According to Sánchez, in many mainstream art programs, Latino students may not feel safe or welcome and do not see themselves reflected in the experiences. Art institutions strive for programs that focus on engaging the creative minds of children, however most programs fall short when it comes to diversity, Sánchez said.

“What the Ranch is modeling is a program where young people, who in this case happen to be Latinos, experience curriculum that has been curated to ensure they see themselves,” he said.

From Sept. 18 to Oct. 15, Rafael Fajardo will be a visiting artist working at the Anderson Ranch Arts Center. Fajardo, a Latin American immigrant, creates socially conscious video games as an art form. He is also slated to be on the panel for Finding Your Voice: Culture and Community in Latinx Art and the Arts and Education Workshop.

Artist Rafael Fajardo will be visiting the Anderson Ranch Arts Center from Sept. 18 through Oct. 15.
Courtesy of Roddy MacInnes

As a Latin American artist and immigrant, Fajardo said he has always been conscious of the absence of Latinx voices in mainstream media. When he started exploring the idea of creating video games with heavy subject matter 20 years ago, the consensus was it could not be done.

“Our first experiments really took gameplay from the most popular video games at the time and changed out the visual artwork in those games. We demonstrated that you could indeed have video games that talk about serious subject matter,” he said.

“We took the gameplay of Frogger, which was one of the most commercially successful arcade video games of all time, and changed out the visual artwork from a cute frog to a cute brown person,” Fajardo said. “We located it at the U.S.-Mexico border and put the player in the role of embodying a cute brown person trying to cross the U.S. Mexico border.”

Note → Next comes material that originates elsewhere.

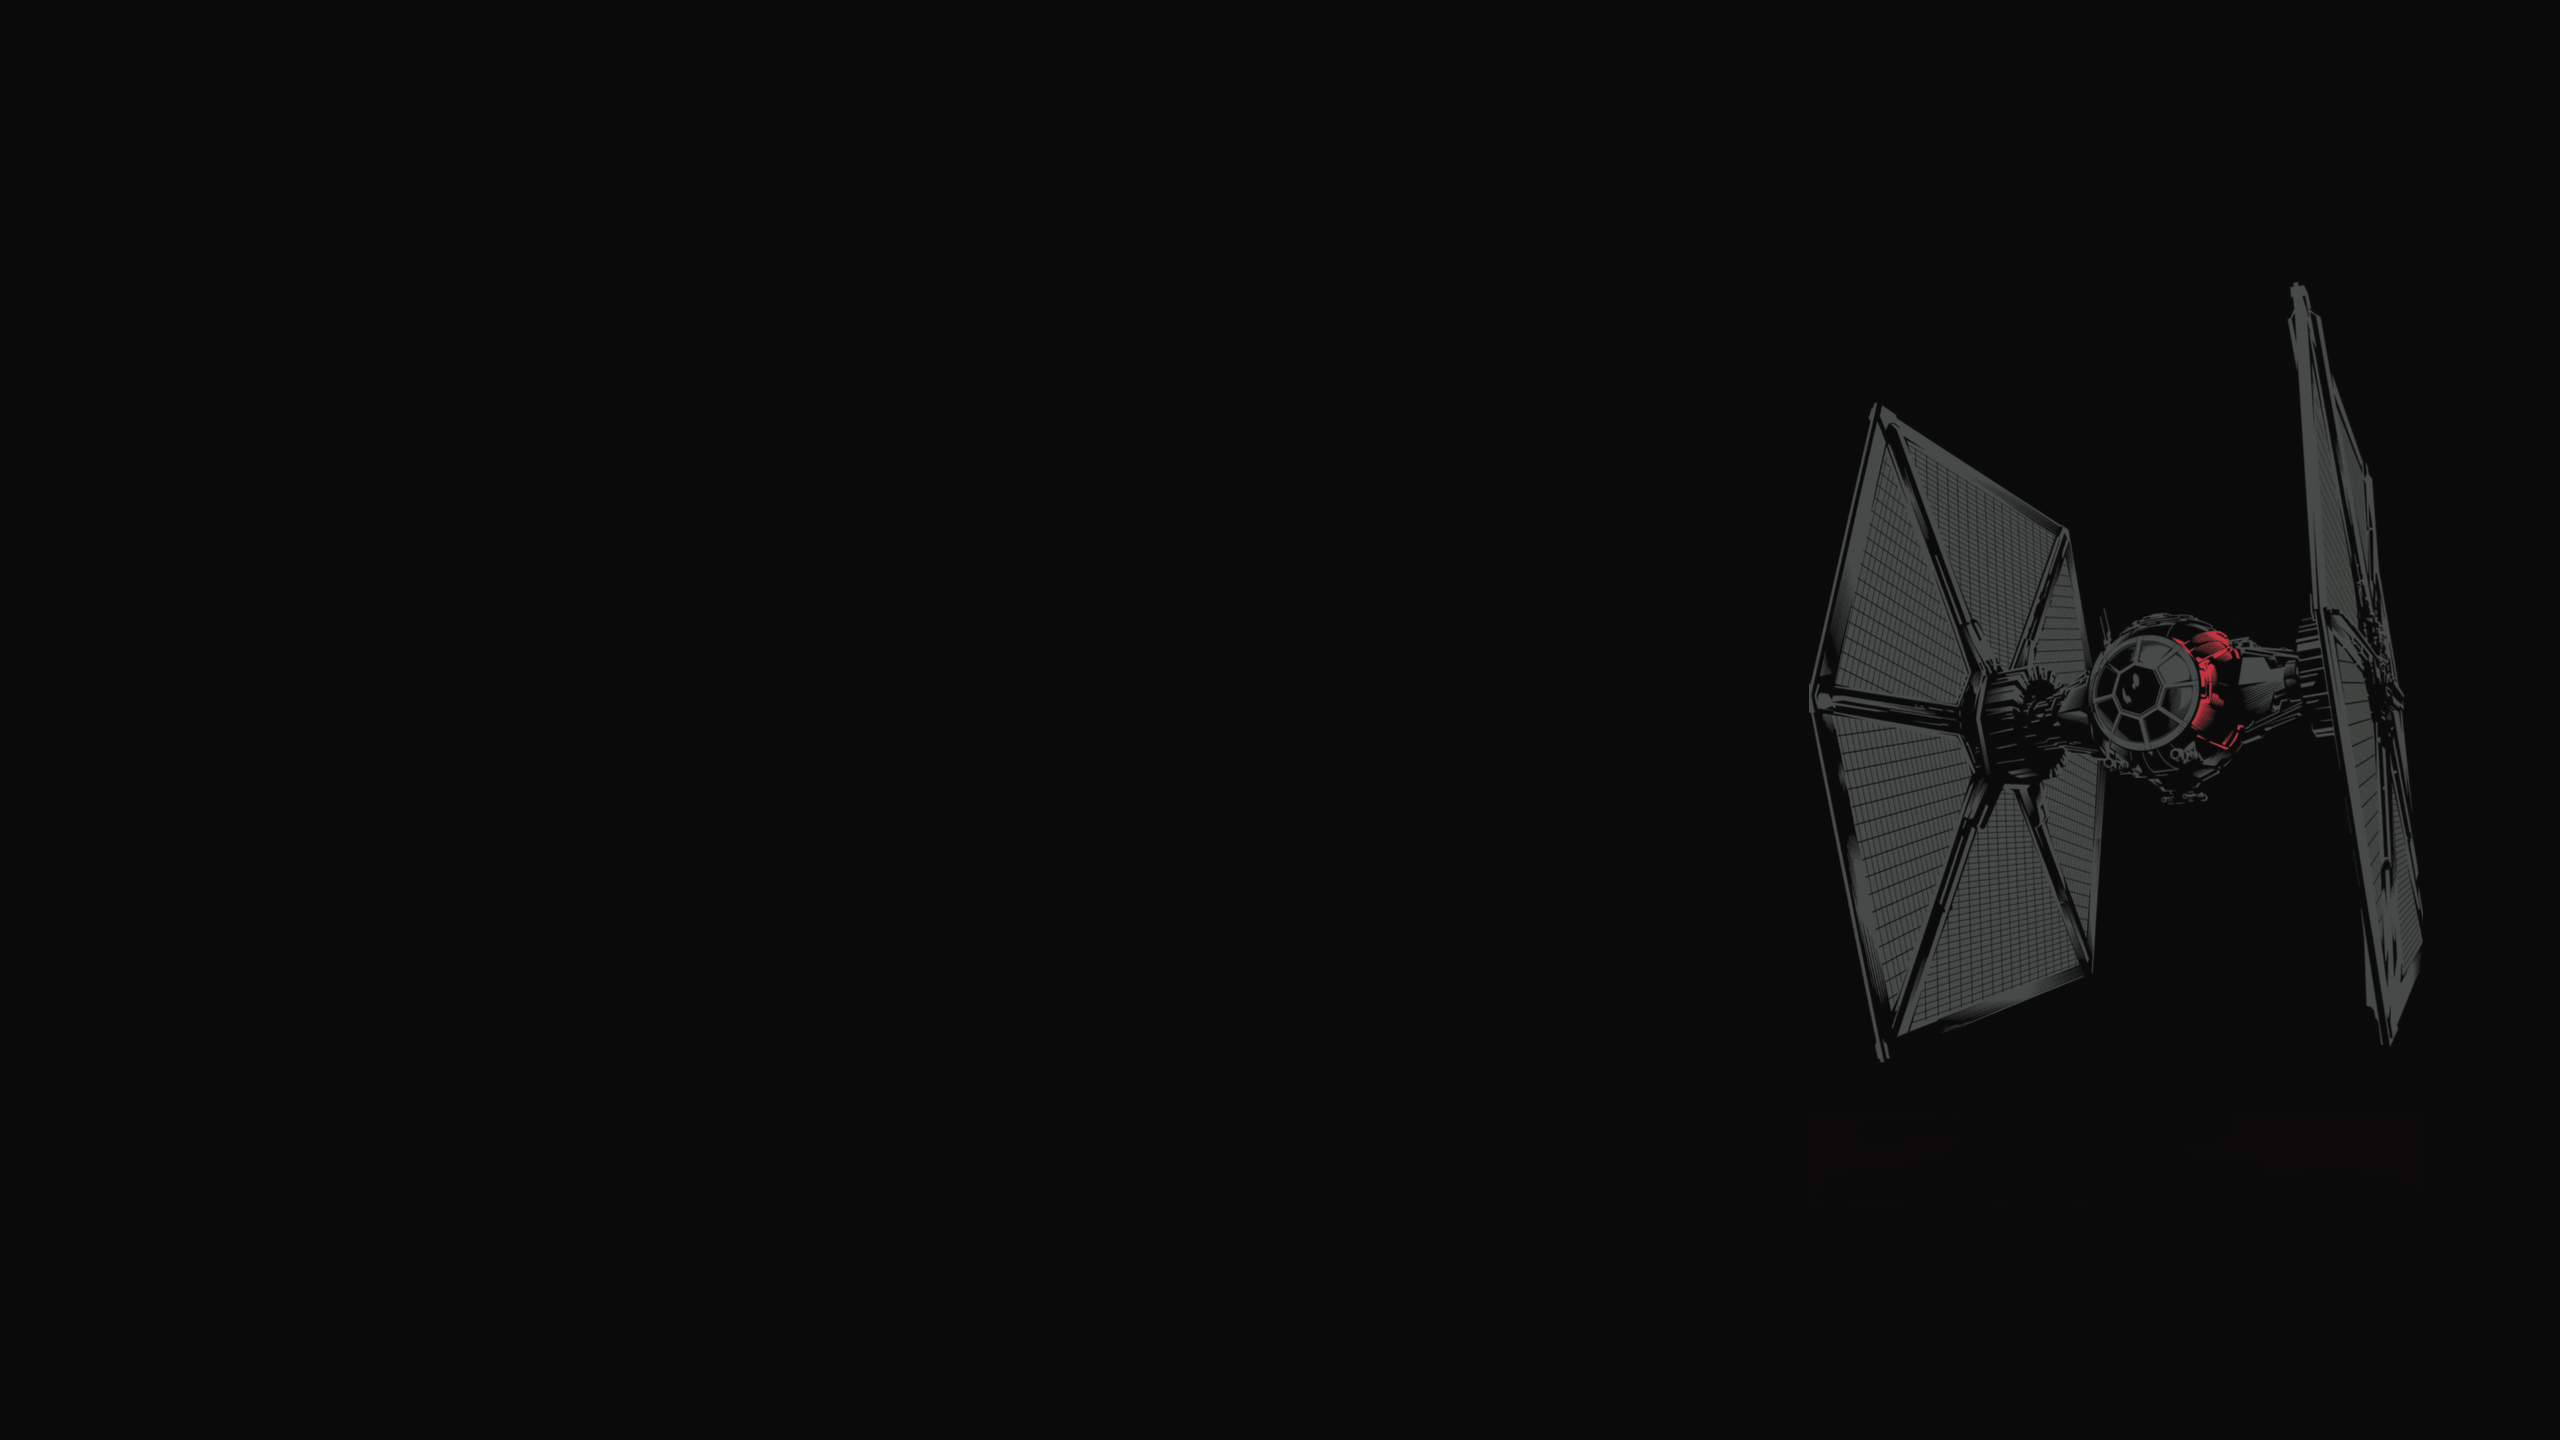 2560x1440 I made a wallpaper out of that TIE Fighter image from the toy leak. Enjoy! : r/StarWars

This image was captured from a moment early in the game Crosser. It shows the player character, Carlos Moreno, in his starting position at the bottom of the image.
Courtesy of SWEAT Collaborative

Fajardo was living and working at the U.S. Mexico border at the time he created the game. The game represented both a personal investment and narrative for him.

“That game had a very specific set of messages. On the one hand, it was a critique of video games that had come before. It was also providing representation of people who were not present and providing stories that weren’t present in the media. It showed that the medium is capable of handling diverse representation and diverse storytelling,” he said.

Although exploring video games as an art form and medium of expression is fairly new, Fajardo said that there are now many others finding identity and voice through creating video games.

“I am honored and humbled to be considered worthy of being a role model for communities,” he said. “I’m hoping that I can actually help somebody find their voice and help somebody find a pathway through art.”